_DIRECTIONS FOR THIS TASK_
Copy out the data exactly, leaving the pictures behind.

___ PROVIDED MATERIAL ___

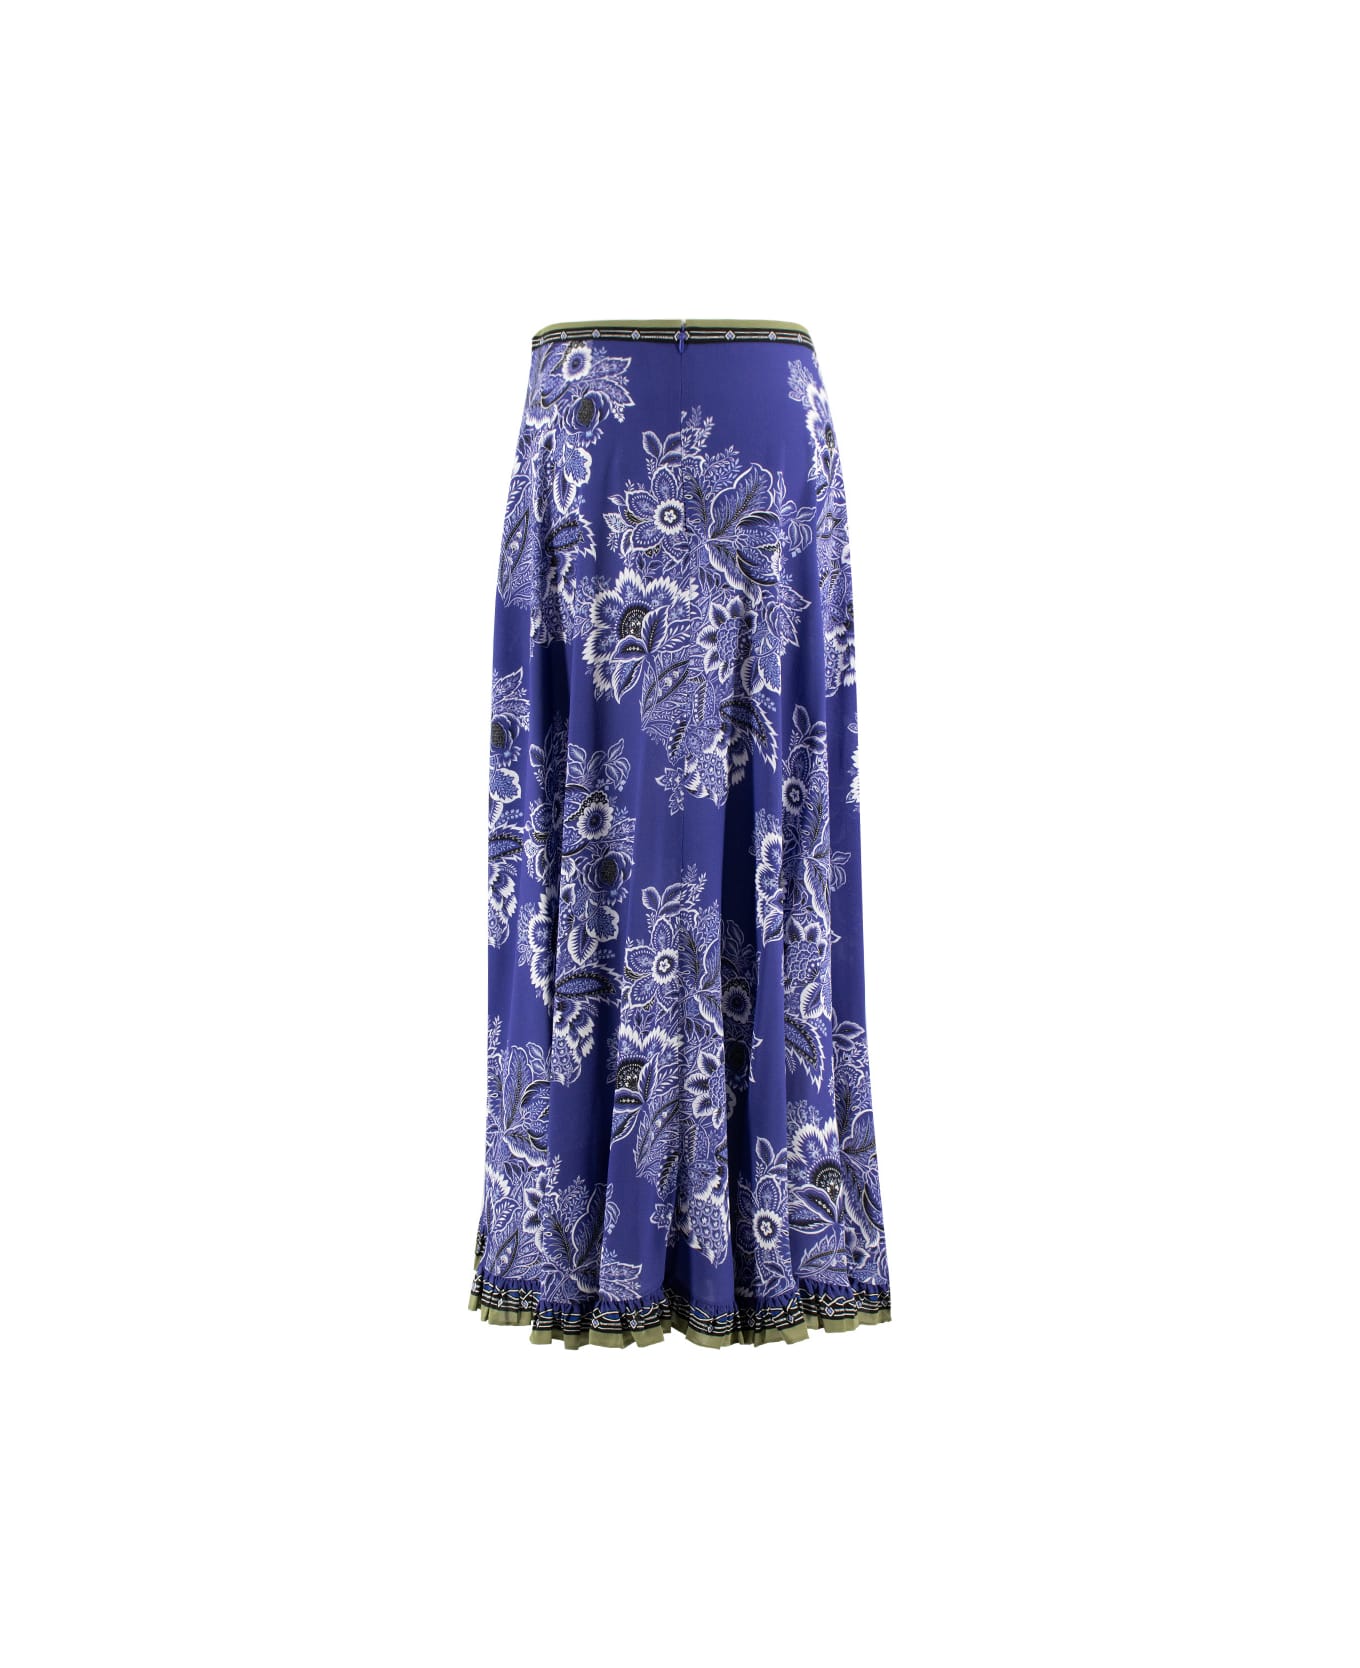 Etro Skirt - PRINT ON BLUE BASE
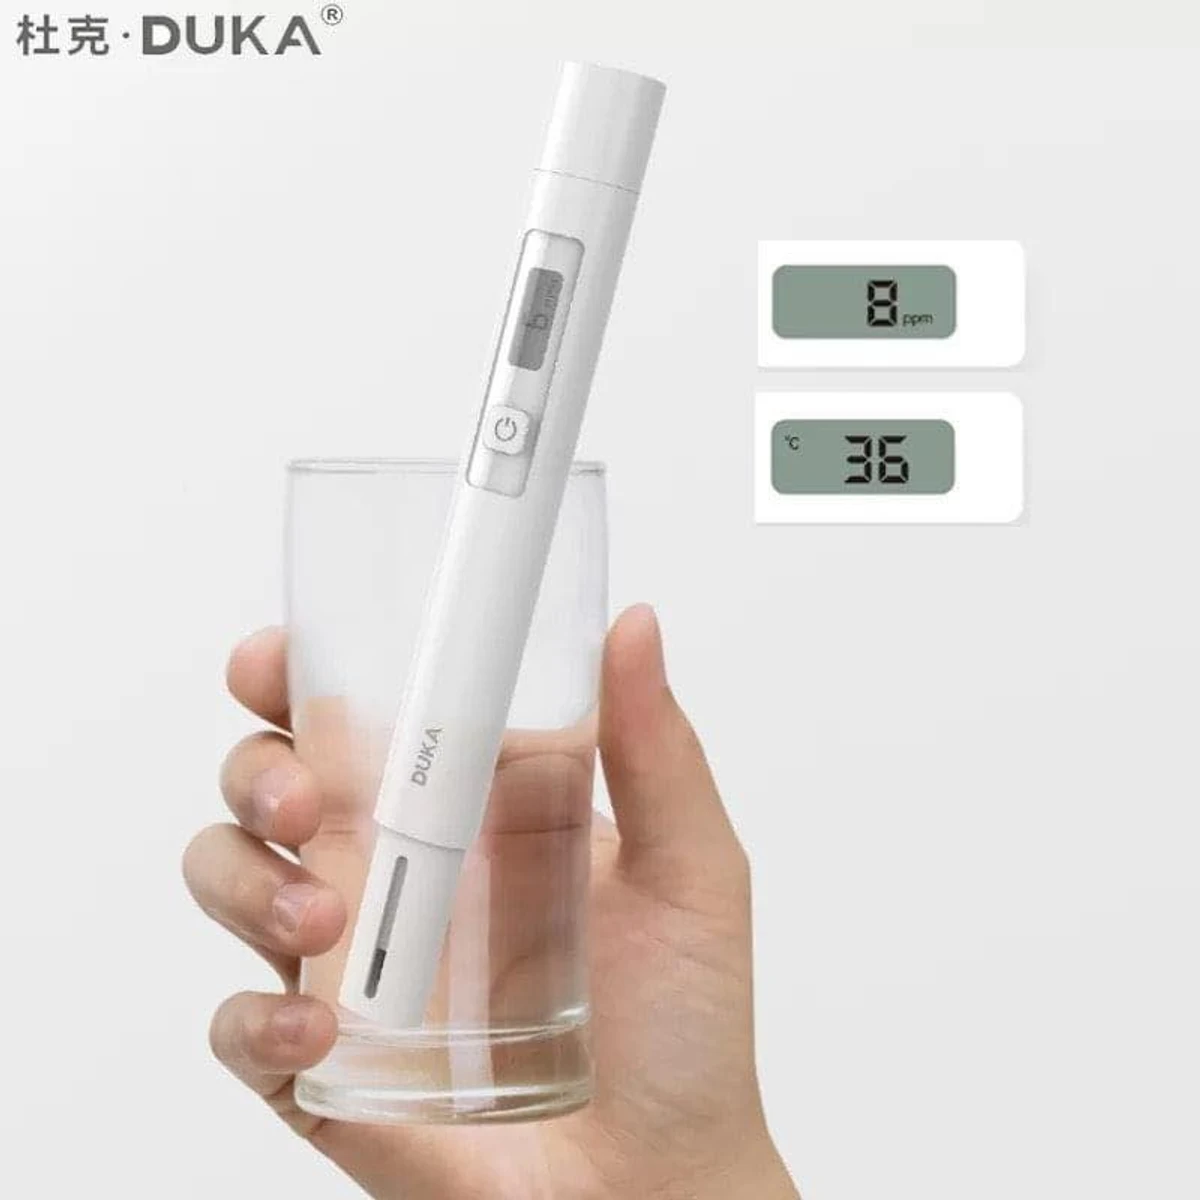 Xiaomi Atuman duka water purification tester meter
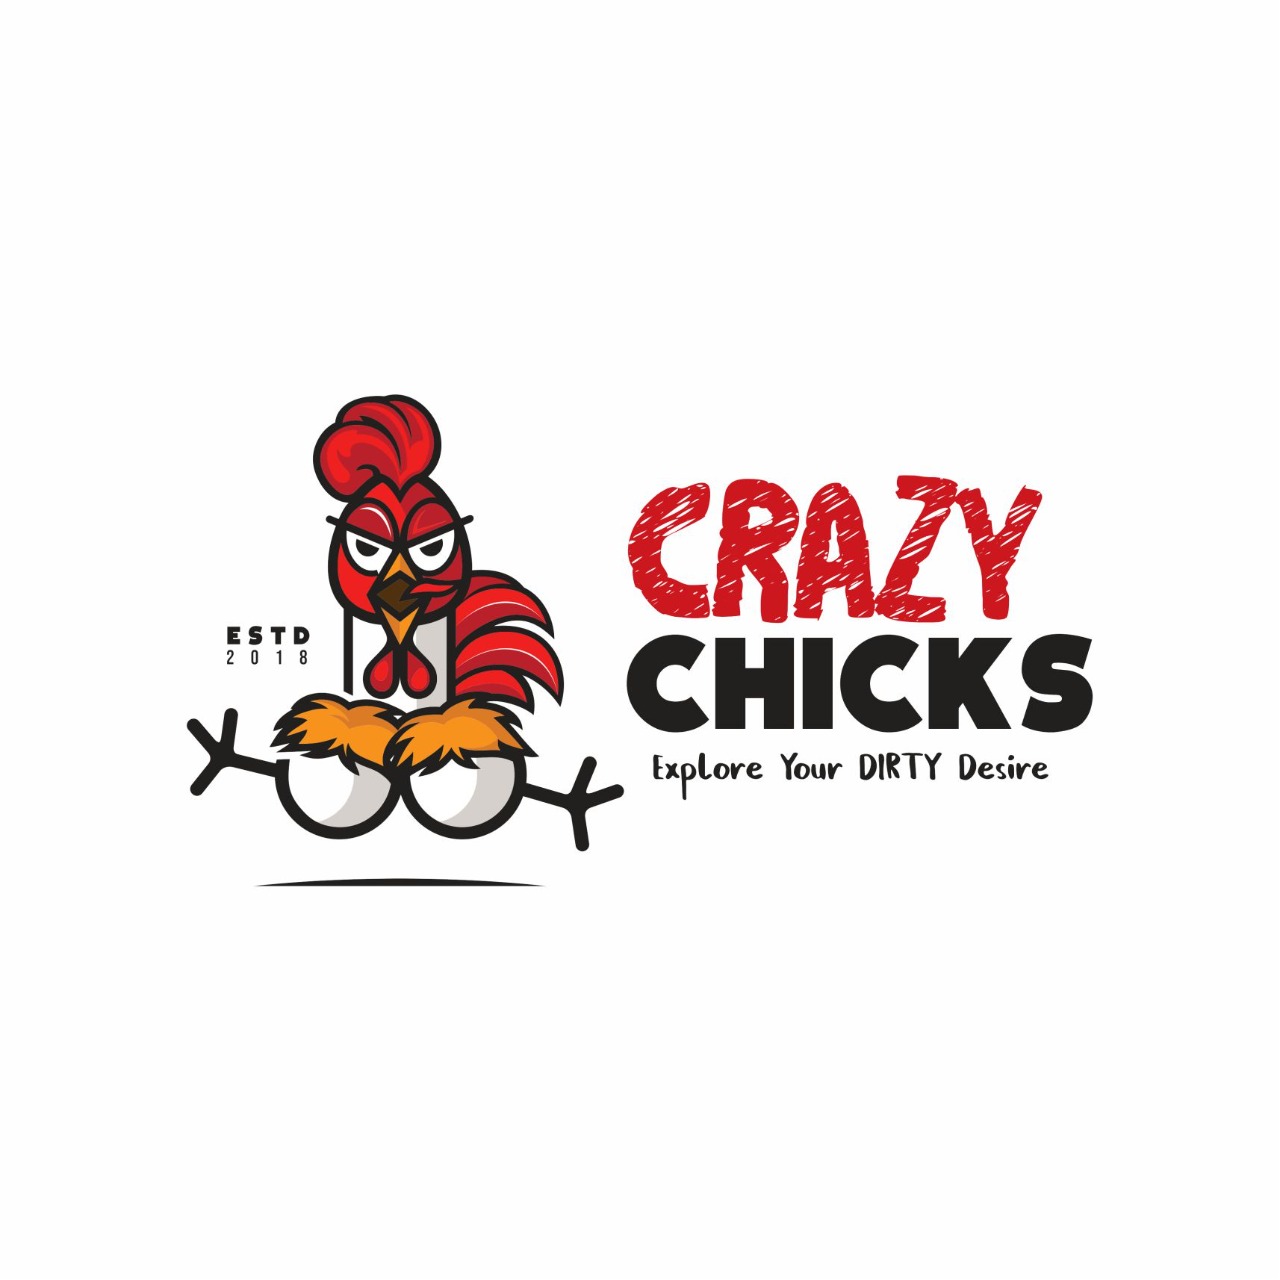 Lowongan-Kerja-Crazy-Chicks-Penempatan-Tasikmalaya

___

_SOLUTION BELOW_
 Etro Skirt - PRINT ON BLUE BASE
 Xiaomi Atuman duka water purification tester meter
 Lowongan-Kerja-Crazy-Chicks-Penempatan-Tasikmalaya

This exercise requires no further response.